• **What this task involves**:
Repeat each line of the material below exactly as it appears, minus any pictures.

• **Data section**:
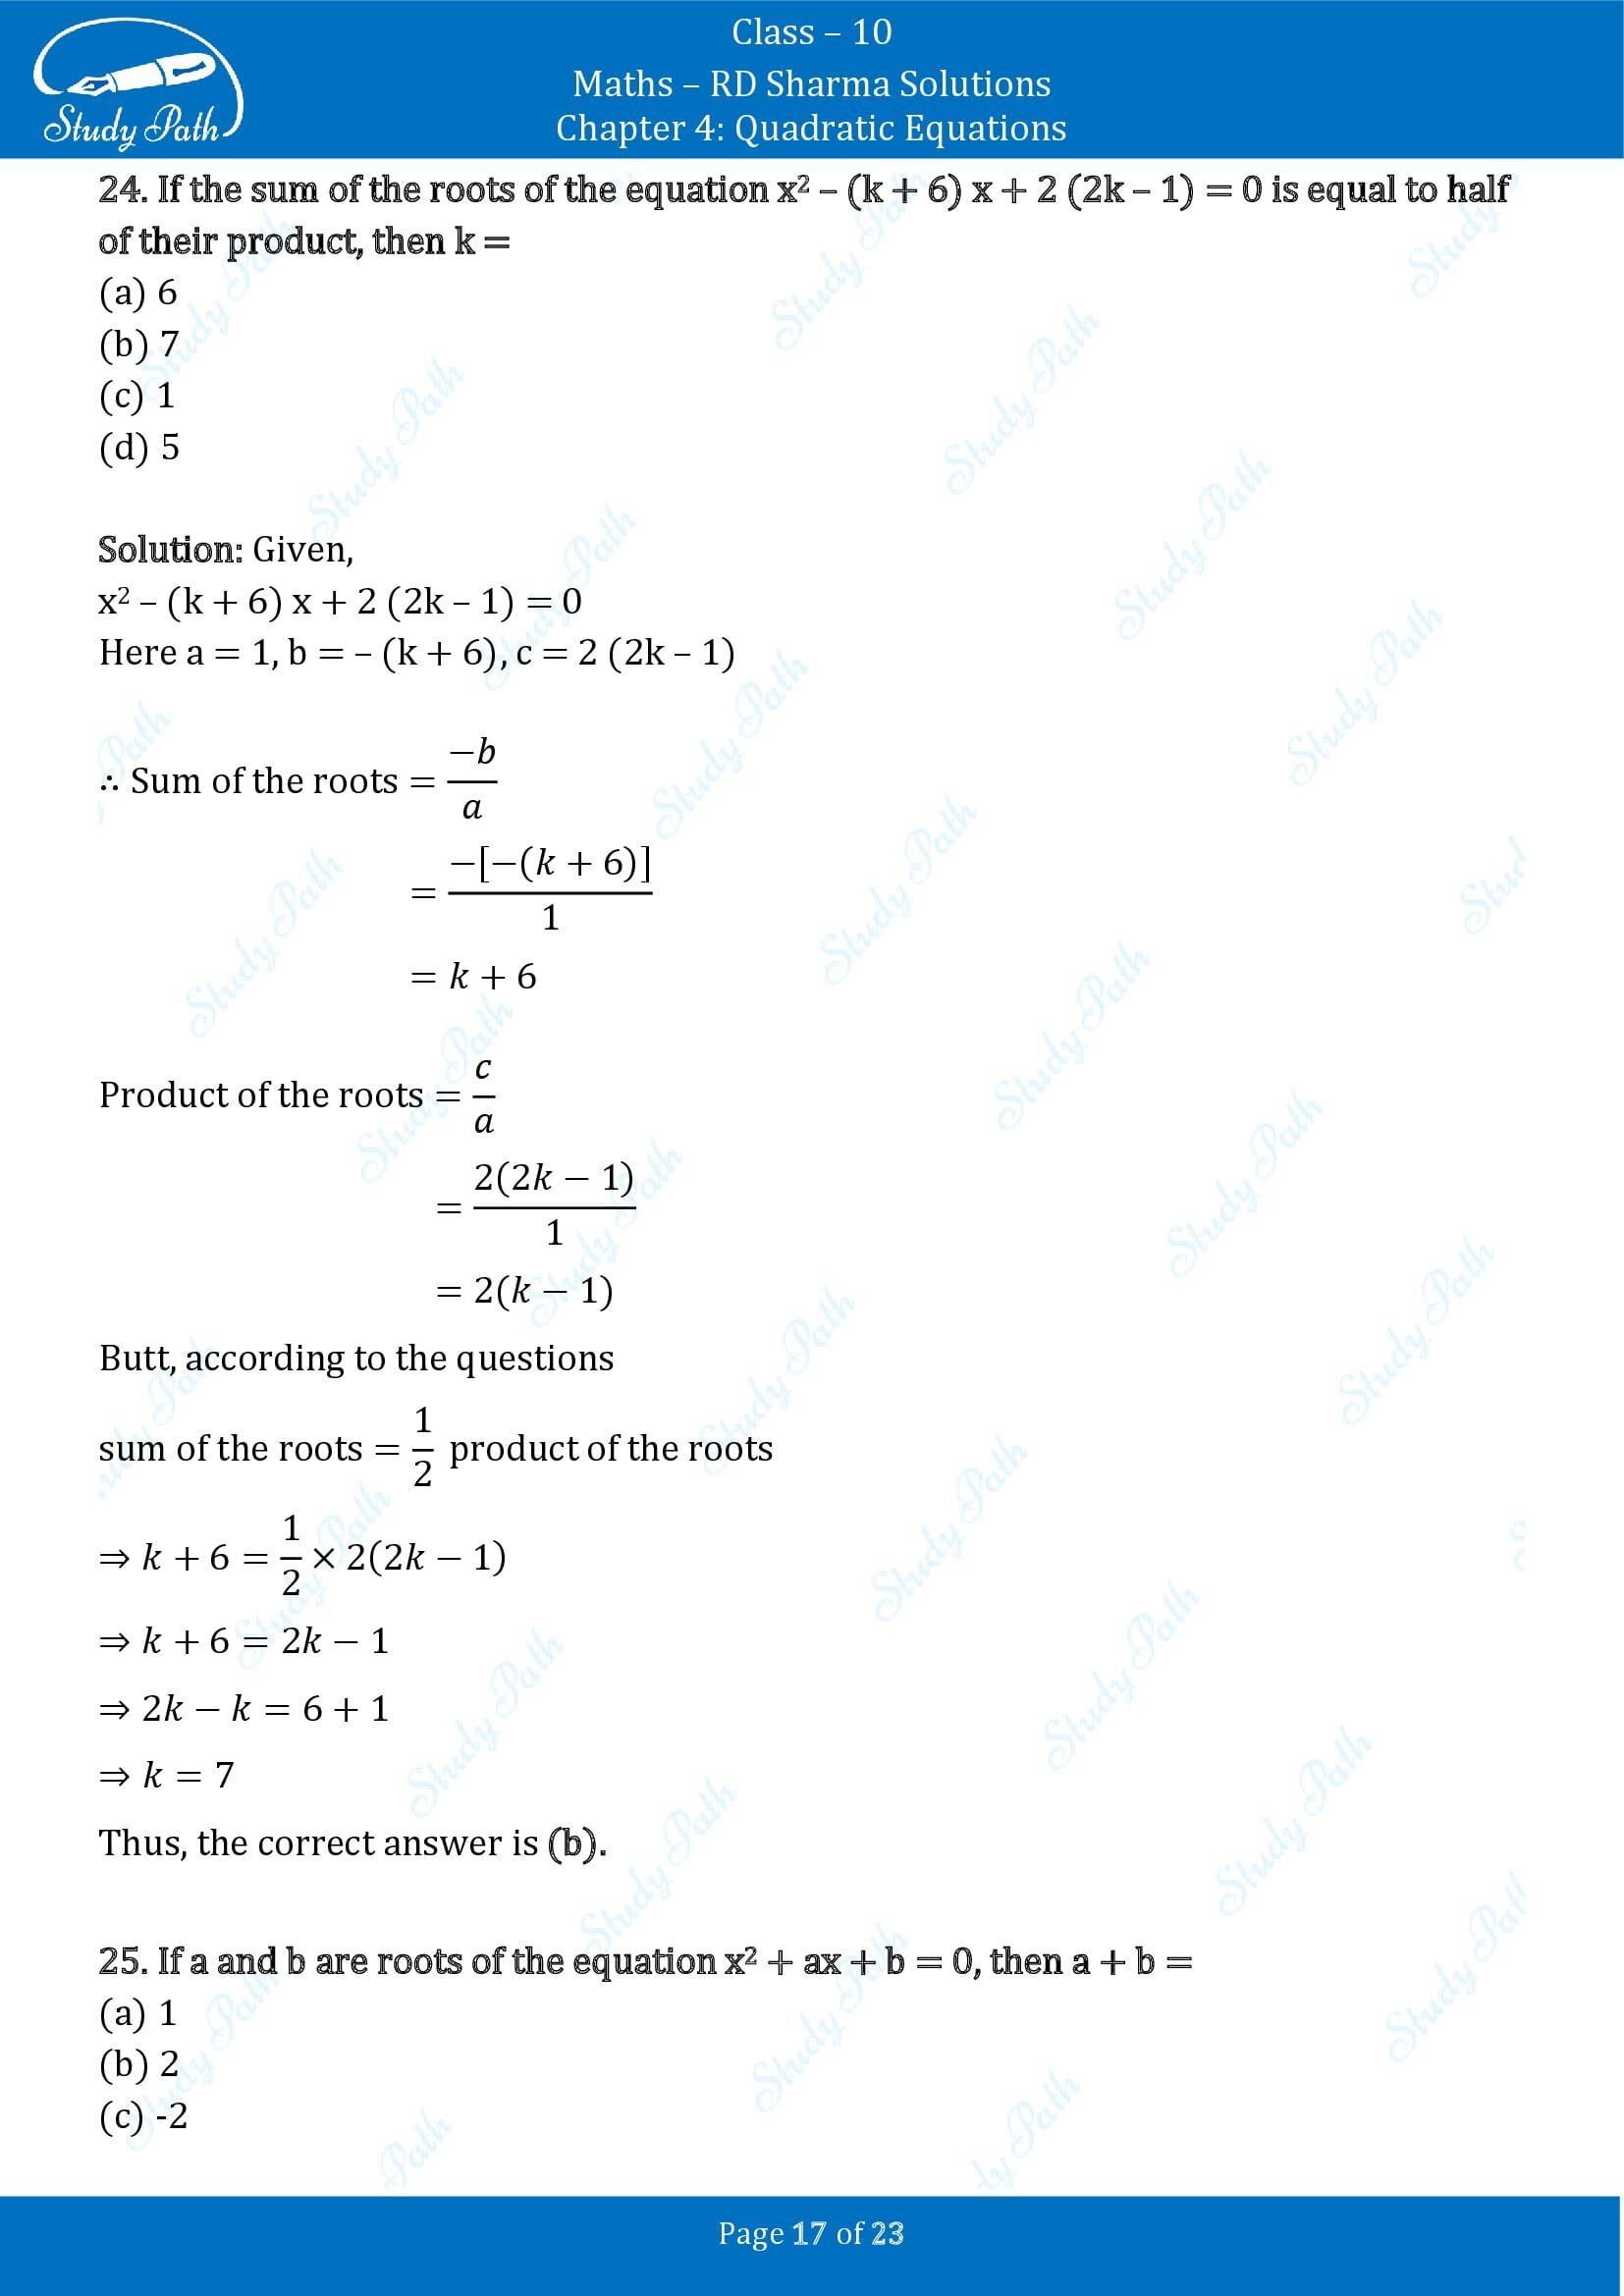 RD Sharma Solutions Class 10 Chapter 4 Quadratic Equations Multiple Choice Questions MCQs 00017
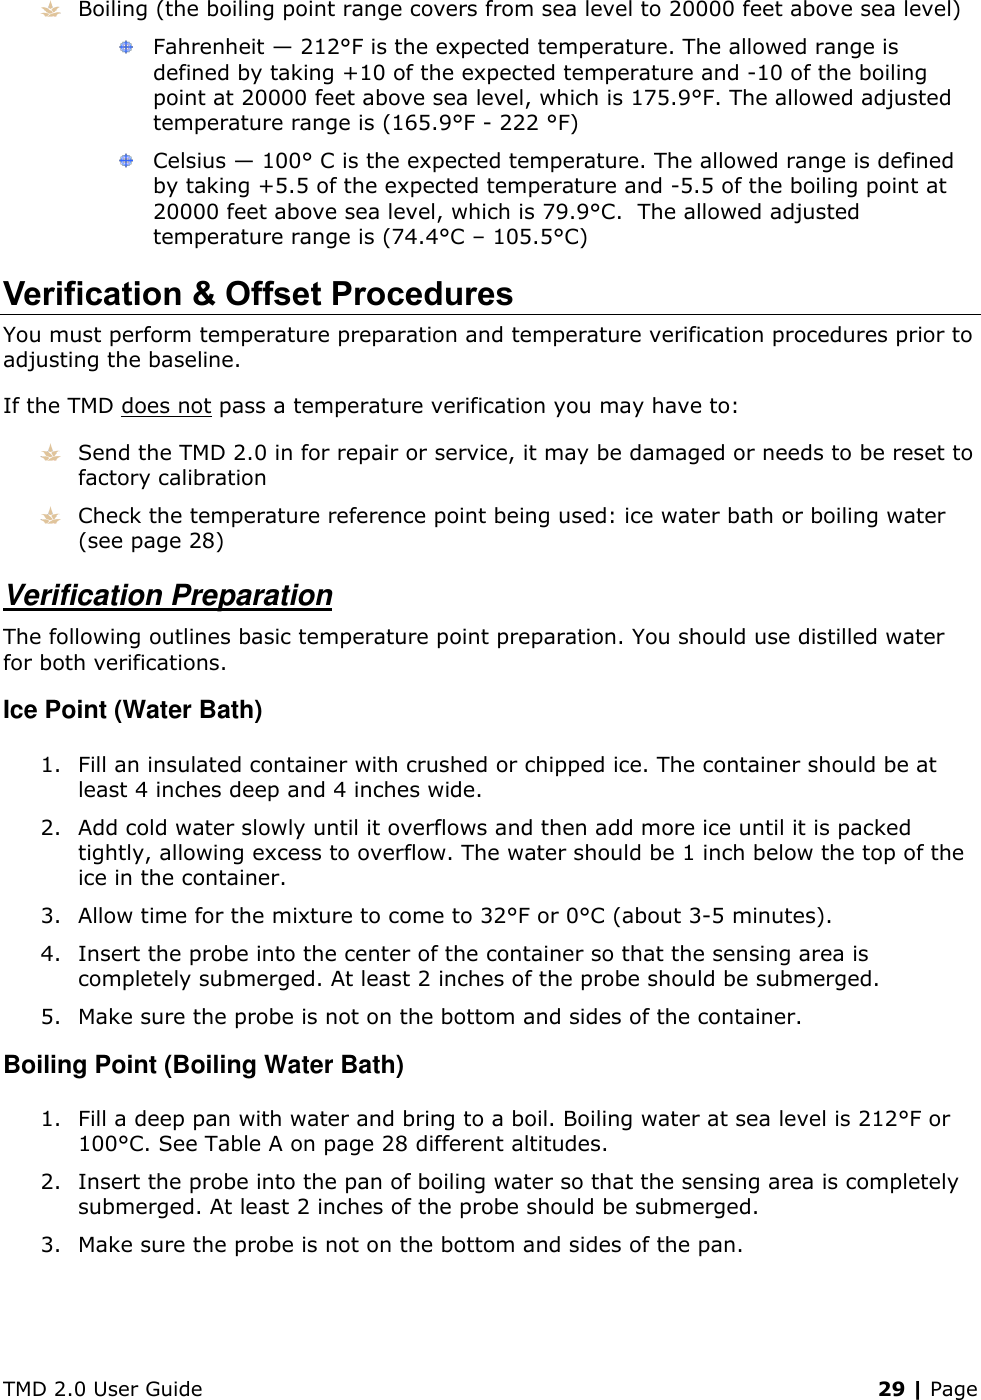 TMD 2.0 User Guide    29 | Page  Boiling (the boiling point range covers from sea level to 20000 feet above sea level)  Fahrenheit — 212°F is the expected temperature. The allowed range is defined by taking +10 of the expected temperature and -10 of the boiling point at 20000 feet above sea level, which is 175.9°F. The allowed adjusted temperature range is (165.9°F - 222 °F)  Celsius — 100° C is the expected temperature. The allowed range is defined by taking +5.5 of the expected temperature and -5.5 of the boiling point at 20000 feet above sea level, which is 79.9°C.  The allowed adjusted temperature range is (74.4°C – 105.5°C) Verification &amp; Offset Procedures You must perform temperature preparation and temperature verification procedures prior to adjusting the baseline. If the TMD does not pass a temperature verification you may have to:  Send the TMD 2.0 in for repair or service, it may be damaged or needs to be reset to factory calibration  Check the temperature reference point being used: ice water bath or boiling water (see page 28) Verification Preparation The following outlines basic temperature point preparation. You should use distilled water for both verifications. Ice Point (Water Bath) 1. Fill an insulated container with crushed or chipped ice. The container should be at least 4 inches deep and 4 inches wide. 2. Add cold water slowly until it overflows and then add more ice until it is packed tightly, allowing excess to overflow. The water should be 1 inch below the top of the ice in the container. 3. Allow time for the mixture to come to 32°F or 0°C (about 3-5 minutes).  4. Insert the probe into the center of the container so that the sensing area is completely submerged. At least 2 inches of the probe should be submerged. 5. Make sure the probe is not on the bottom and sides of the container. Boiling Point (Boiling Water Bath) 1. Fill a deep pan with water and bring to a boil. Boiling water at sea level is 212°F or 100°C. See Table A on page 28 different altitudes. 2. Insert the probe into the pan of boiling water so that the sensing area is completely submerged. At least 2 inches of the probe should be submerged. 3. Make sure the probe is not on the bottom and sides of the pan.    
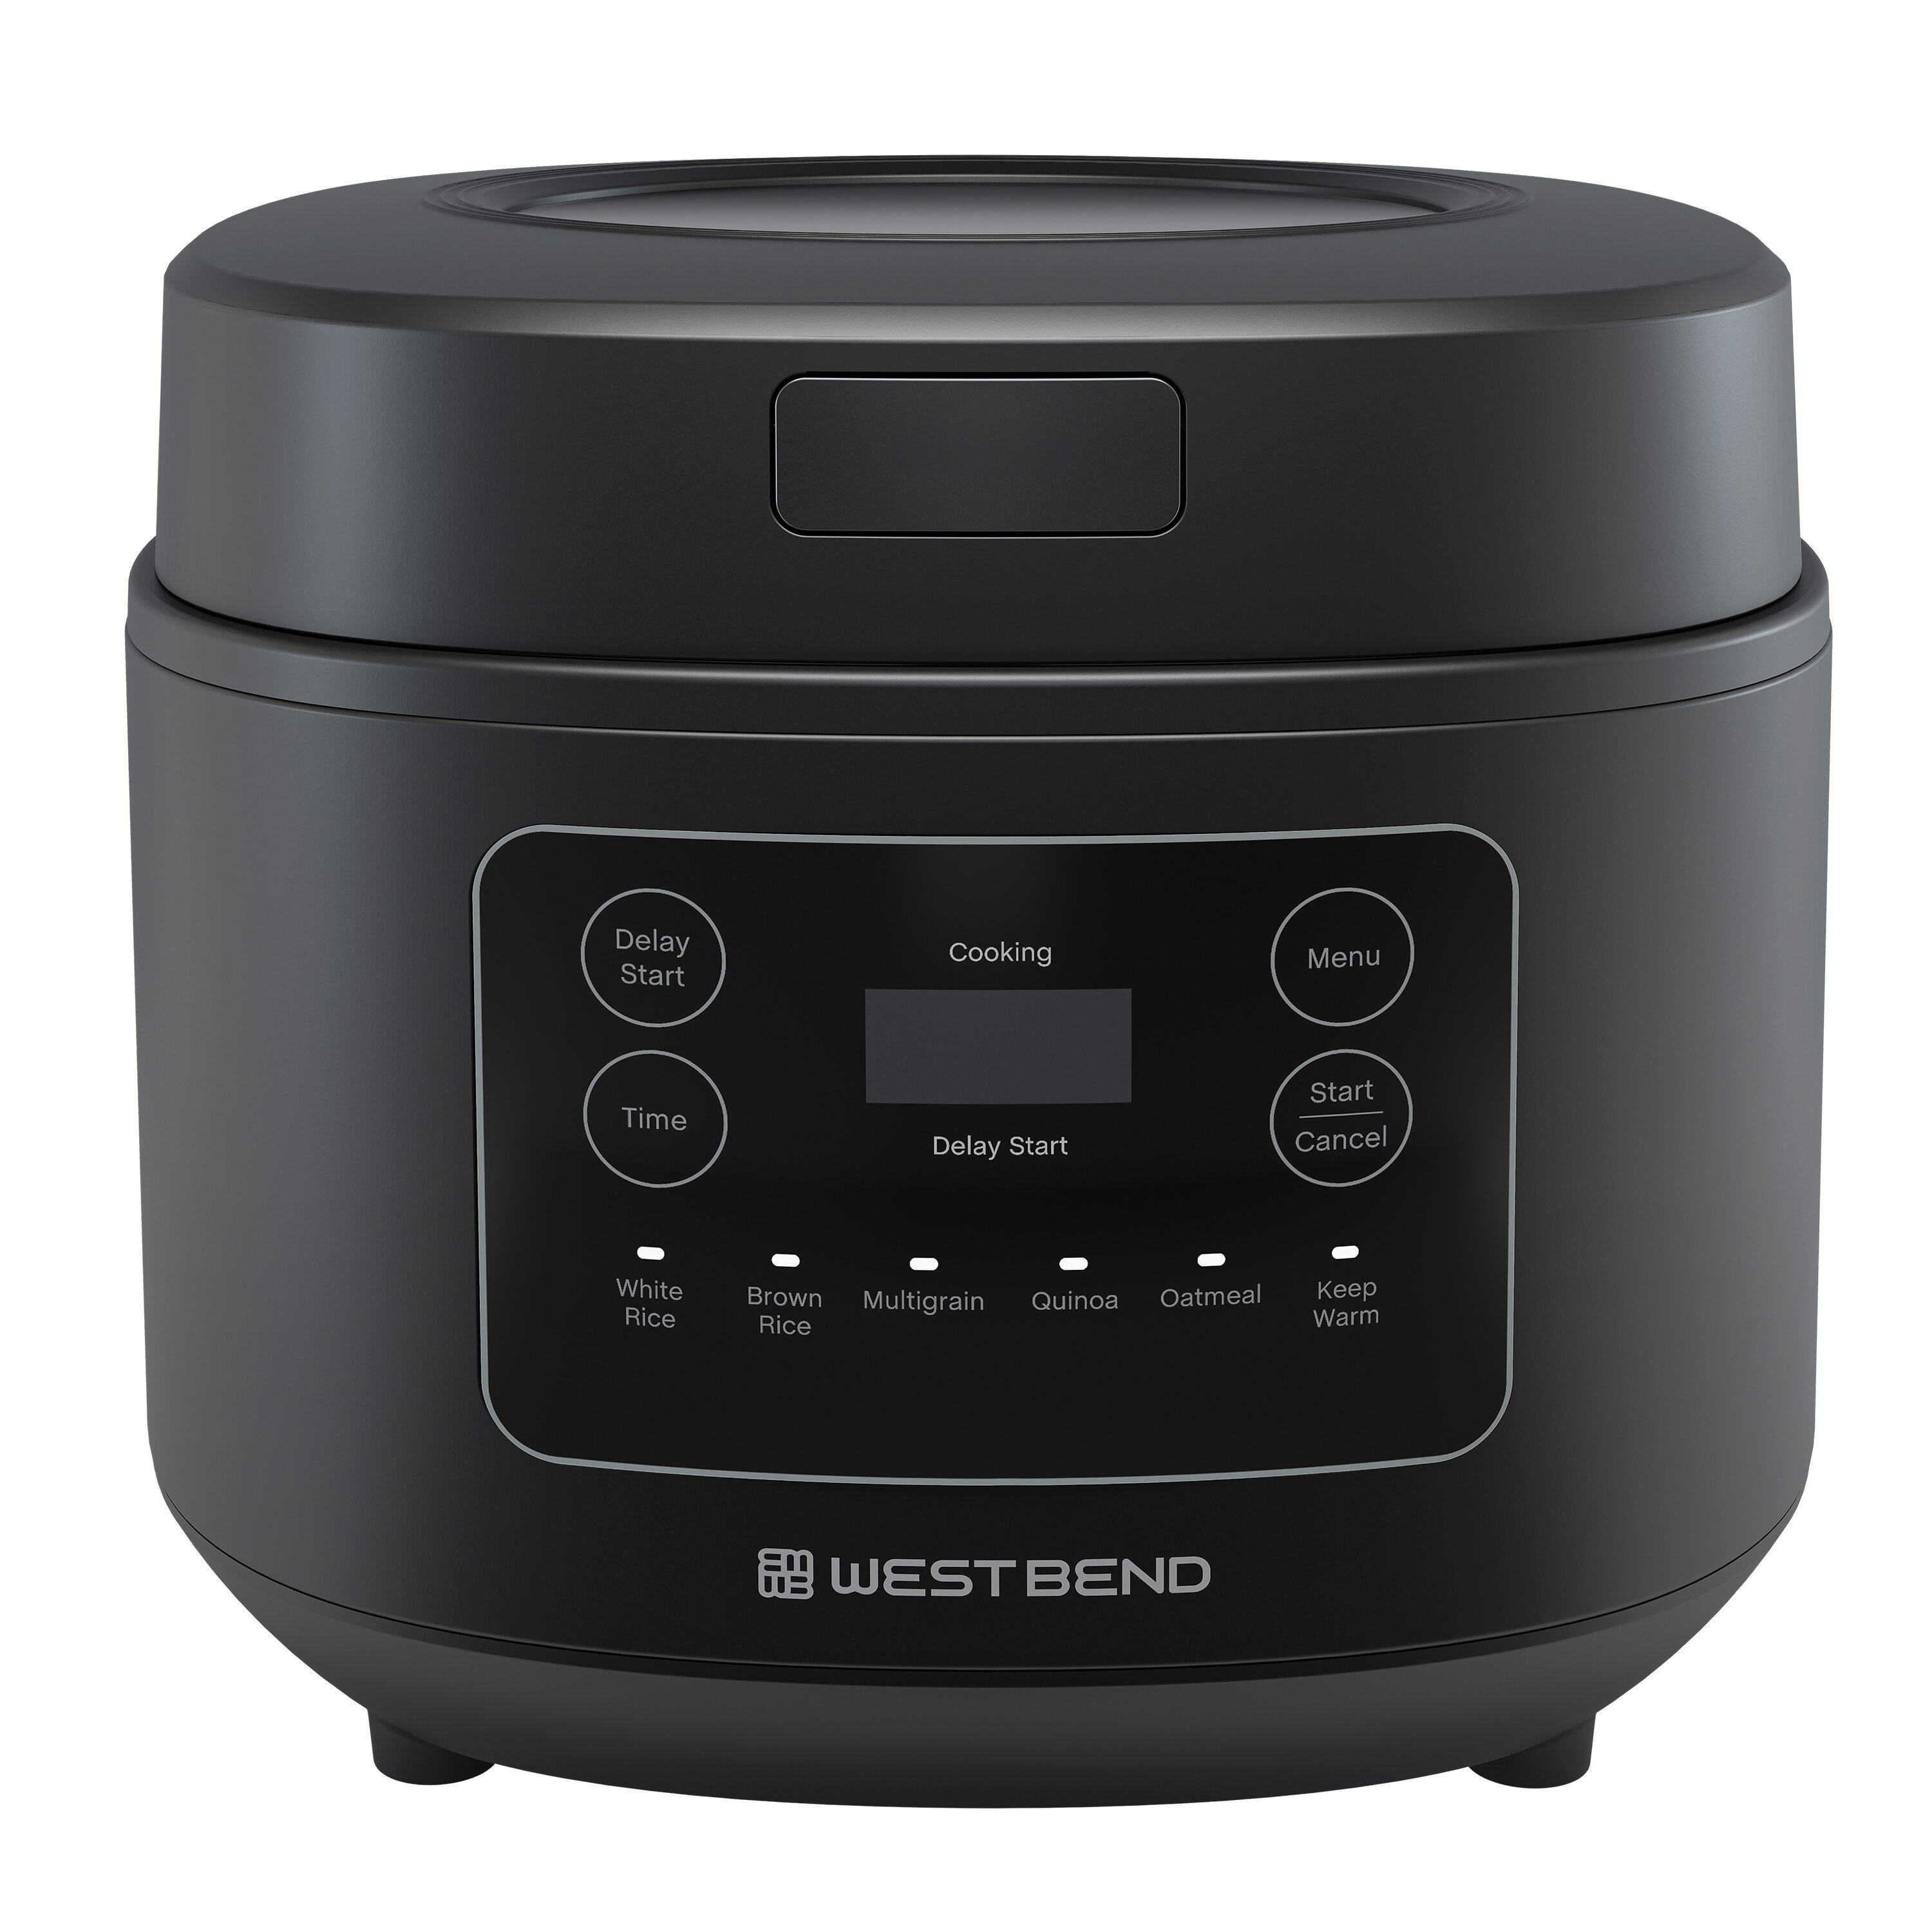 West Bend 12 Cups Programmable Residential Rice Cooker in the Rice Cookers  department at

• **Answer box**:
 RD Sharma Solutions Class 10 Chapter 4 Quadratic Equations Multiple Choice Questions MCQs 00017
 TMD 2.0 User Guide    29 | Page  Boiling (the boiling point range covers from sea level to 20000 feet above sea level)  Fahrenheit — 212°F is the expected temperature. The allowed range is defined by taking +10 of the expected temperature and -10 of the boiling point at 20000 feet above sea level, which is 175.9°F. The allowed adjusted temperature range is (165.9°F - 222 °F)  Celsius — 100° C is the expected temperature. The allowed range is defined by taking +5.5 of the expected temperature and -5.5 of the boiling point at 20000 feet above sea level, which is 79.9°C.  The allowed adjusted temperature range is (74.4°C – 105.5°C) Verification &amp; Offset Procedures You must perform temperature preparation and temperature verification procedures prior to adjusting the baseline. If the TMD does not pass a temperature verification you may have to:  Send the TMD 2.0 in for repair or service, it may be damaged or needs to be reset to factory calibration  Check the temperature reference point being used: ice water bath or boiling water (see page 28) Verification Preparation The following outlines basic temperature point preparation. You should use distilled water for both verifications. Ice Point (Water Bath) 1. Fill an insulated container with crushed or chipped ice. The container should be at least 4 inches deep and 4 inches wide. 2. Add cold water slowly until it overflows and then add more ice until it is packed tightly, allowing excess to overflow. The water should be 1 inch below the top of the ice in the container. 3. Allow time for the mixture to come to 32°F or 0°C (about 3-5 minutes).  4. Insert the probe into the center of the container so that the sensing area is completely submerged. At least 2 inches of the probe should be submerged. 5. Make sure the probe is not on the bottom and sides of the container. Boiling Point (Boiling Water Bath) 1. Fill a deep pan with water and bring to a boil. Boiling water at sea level is 212°F or 100°C. See Table A on page 28 different altitudes. 2. Insert the probe into the pan of boiling water so that the sensing area is completely submerged. At least 2 inches of the probe should be submerged. 3. Make sure the probe is not on the bottom and sides of the pan.    
 West Bend 12 Cups Programmable Residential Rice Cooker in the Rice Cookers  department at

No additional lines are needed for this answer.